Epic blizzard hitting Tahoe, Mammoth, Sierra Nevada 'with a vengeance'

Rong-Gong Lin II, Salvador Hernandez and Hayley Smith, Los Angeles Times on

Published in Weather News

“This is when the big boys step up,” said the older Jimenez.

The father and son have been working in the area for seven years, and, while many will try to hunker indoors until the storm passes, this is one of the busiest times for their business.

The two also document their exploits online, posting videos of how they pull stranded drivers back to safety for their thousands of followers on Instagram.

Before the storm arrived, they checked the equipment on their trucks, loaded their snow blowers, packed an extra pair of chains and inspected them to make sure none of them snap in the cold snow.

They know people have been warned not to travel, but with seven years of experience towing stranded cars, they know the cars will still come.

“When they don’t heed the warnings, and people are saying this is going to be a big one, we end up with six, seven miles of car jams within town,” Jimenez Jr. said. “They can’t even leave the basin.”

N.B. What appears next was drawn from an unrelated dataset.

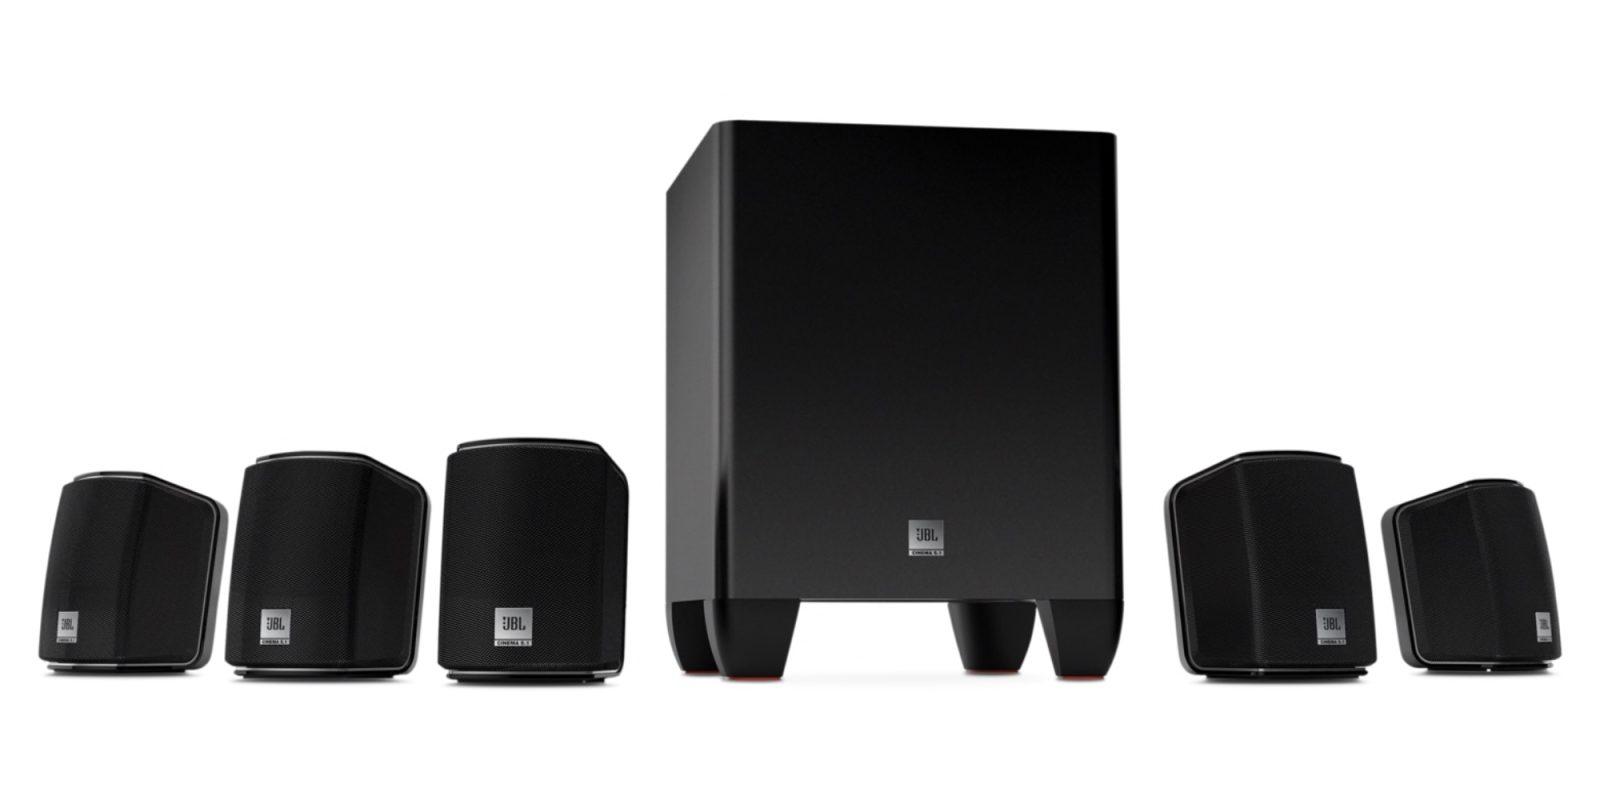 Enjoy 5.1-channel sound with JBL's $150 Cinema 510 Speaker System ($100 off)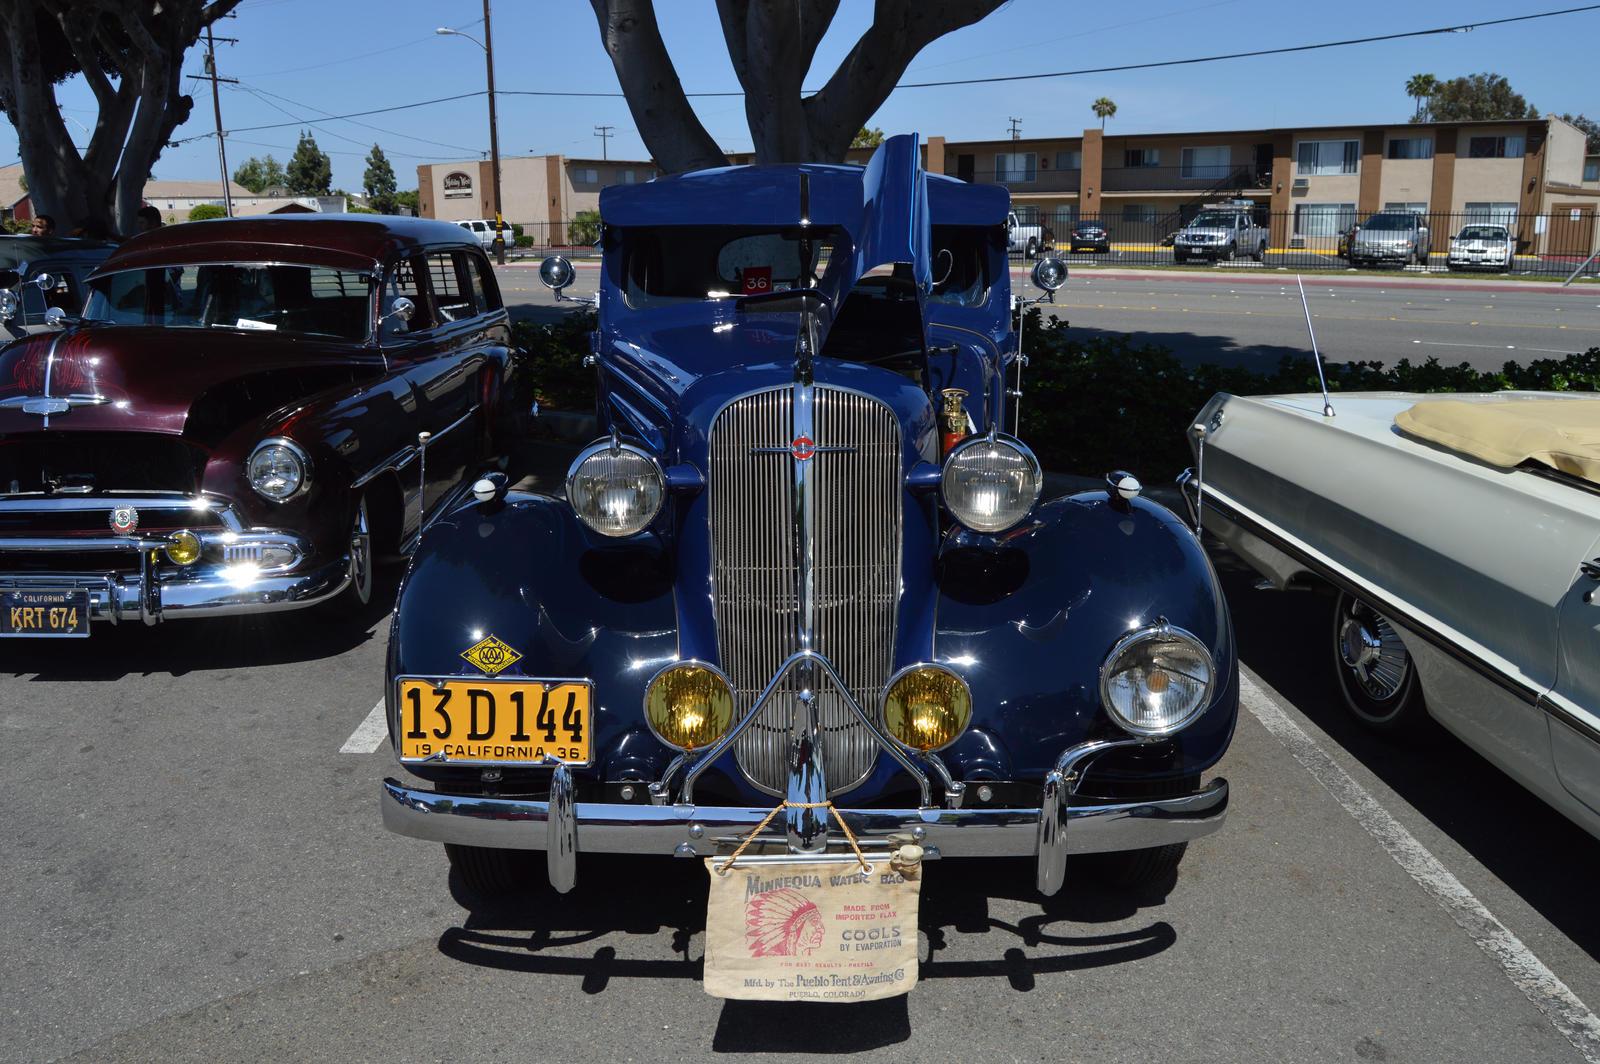 1936 chevrolet four door sedan ii by brooklyn47 on deviantart for 1936 chevy 4 door

During bad storms, the two companies will get two calls a minute from drivers asking for help, he said. Storms such as this can create so much demand that they stay working 24 hours straight.

Many of the calls are from drivers who have jumped off main highways and followed navigation apps that lead them through local paths and streets away from traffic, he said. But while the apps navigate drivers away from gridlock, many of them don’t take into consideration the fact that local roads might be too steep, unplowed or not passable to drivers unaccustomed to driving in the snow.

“I always tell people, don’t follow your Google maps or other apps, ever,” he said. “Know your route and stick to that route.”

The father and son know the work can be dangerous, but it’s been slow for most of the year, and strong storms are what will also help keep their businesses going.